▶ _What the exercise asks_: The copy you print must match the listing exactly, with its pictures removed.

▶ _Data segment_:
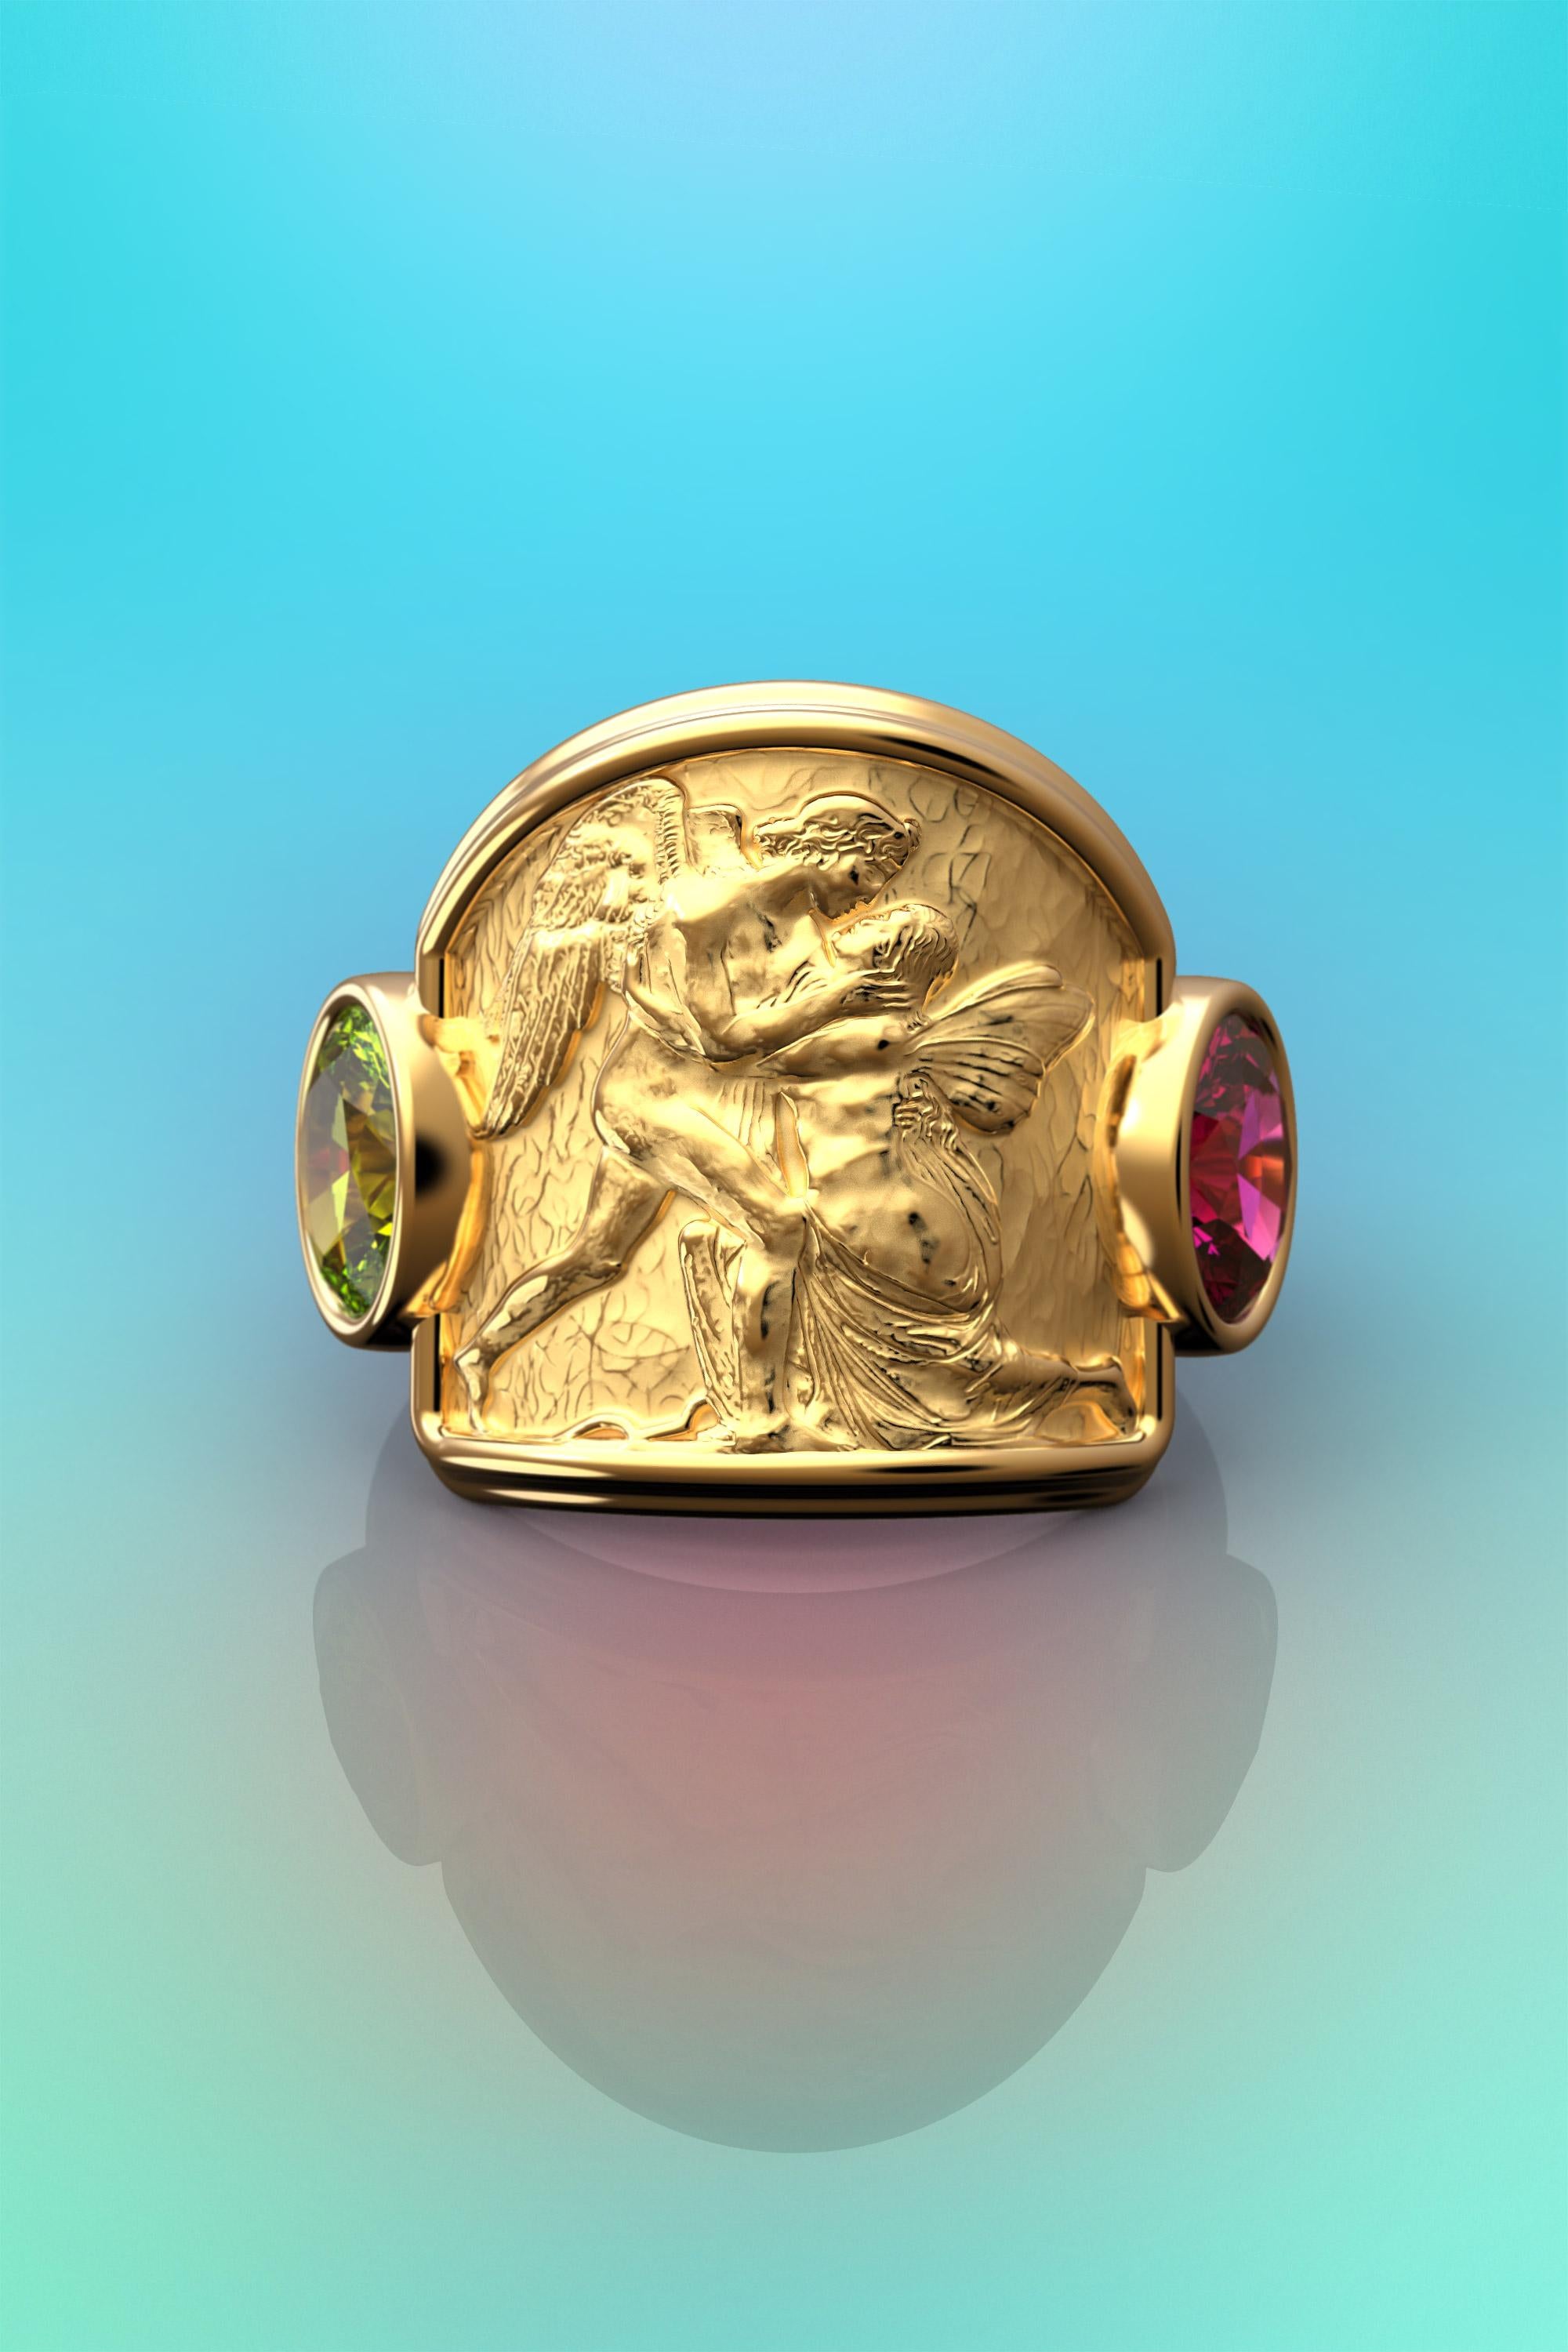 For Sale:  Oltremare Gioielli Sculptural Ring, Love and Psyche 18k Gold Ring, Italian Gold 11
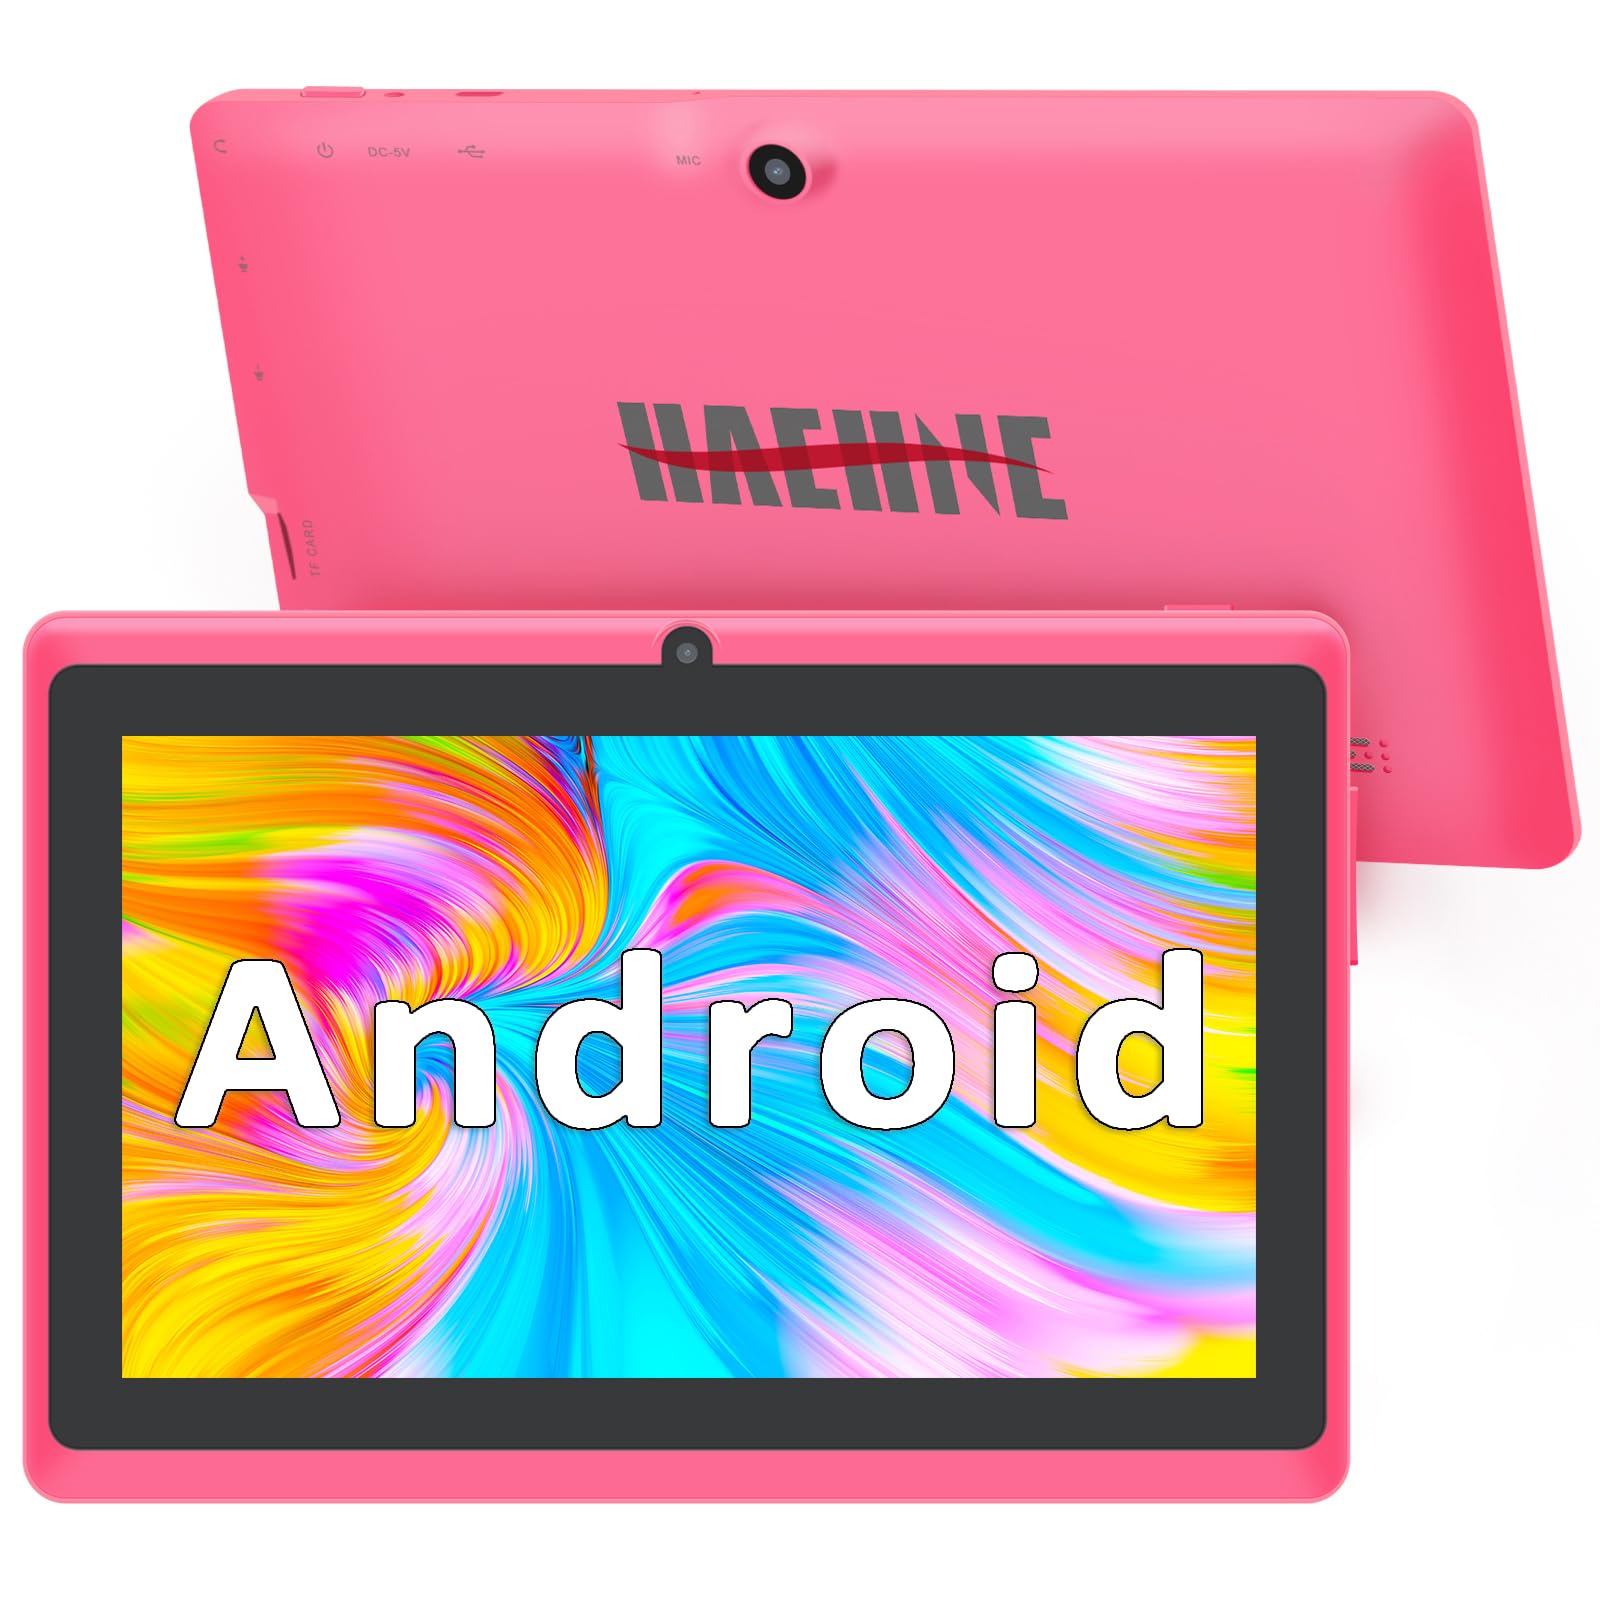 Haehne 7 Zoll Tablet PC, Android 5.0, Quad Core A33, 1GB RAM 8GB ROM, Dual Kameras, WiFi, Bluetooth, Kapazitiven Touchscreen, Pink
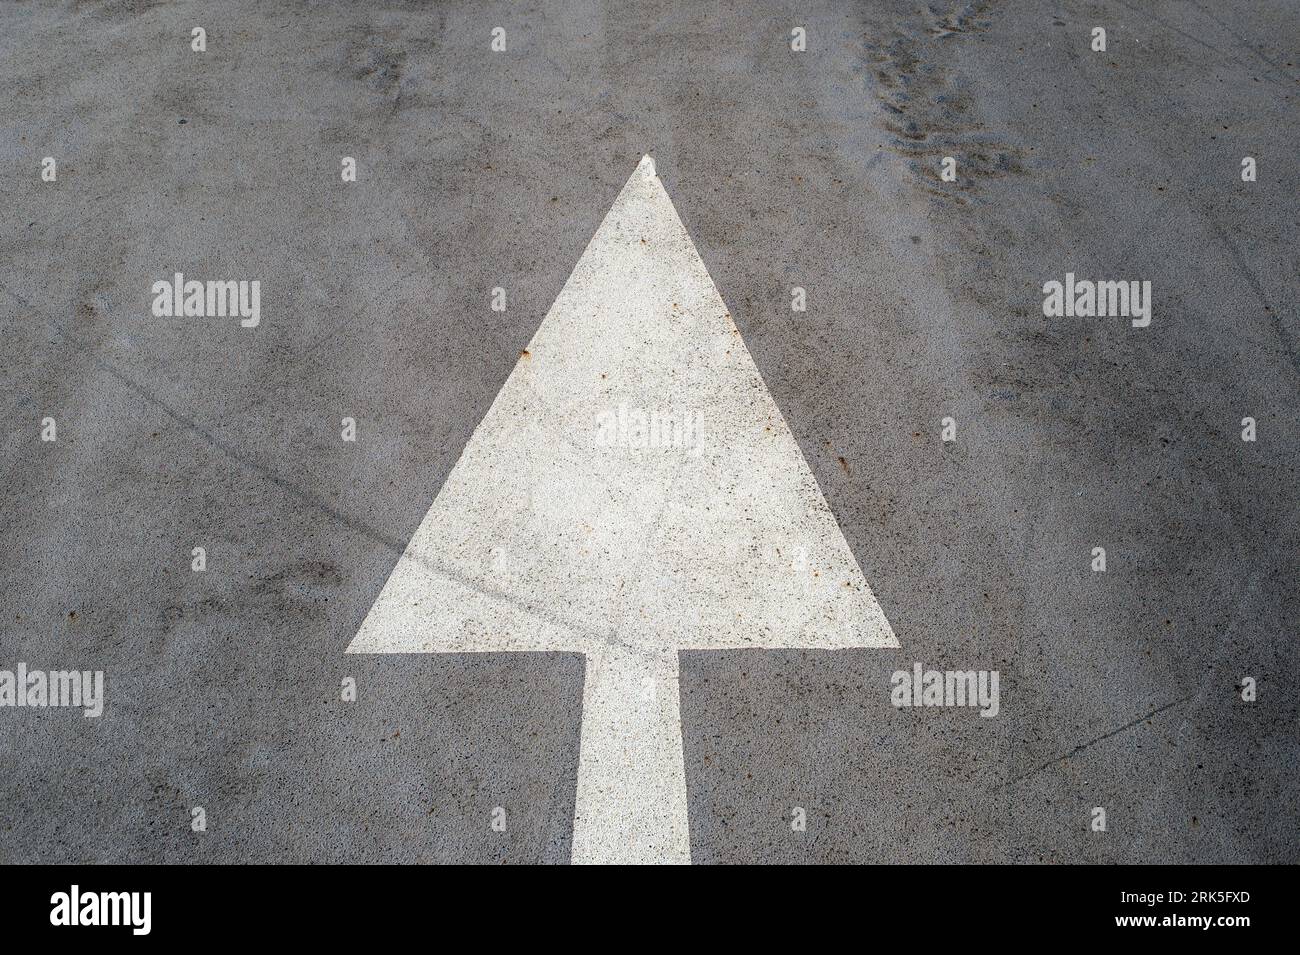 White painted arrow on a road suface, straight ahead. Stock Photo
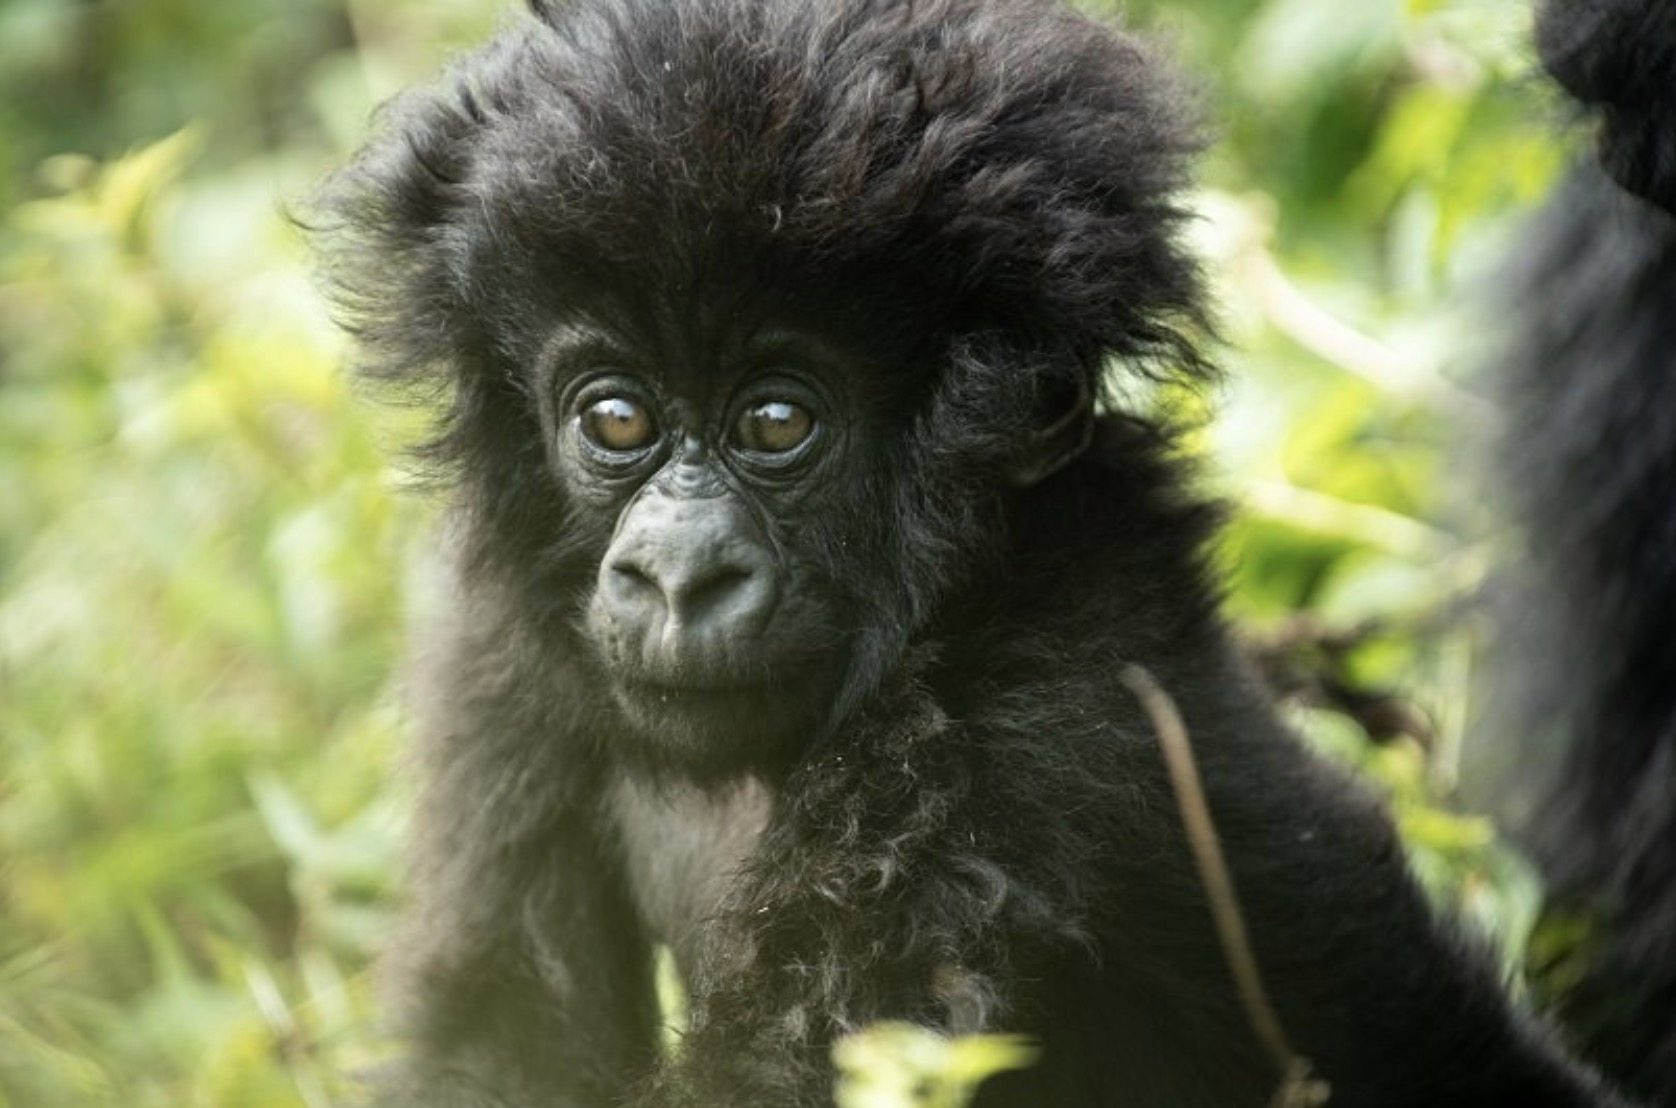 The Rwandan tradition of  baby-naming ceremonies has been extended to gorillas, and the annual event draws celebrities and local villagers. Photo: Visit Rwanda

▶ _Answer to this task_:
 For Sale:  Oltremare Gioielli Sculptural Ring, Love and Psyche 18k Gold Ring, Italian Gold 11
 Haehne 7 Zoll Tablet PC, Android 5.0, Quad Core A33, 1GB RAM 8GB ROM, Dual Kameras, WiFi, Bluetooth, Kapazitiven Touchscreen, Pink
 White painted arrow on a road suface, straight ahead. Stock Photo
 The Rwandan tradition of  baby-naming ceremonies has been extended to gorillas, and the annual event draws celebrities and local villagers. Photo: Visit Rwanda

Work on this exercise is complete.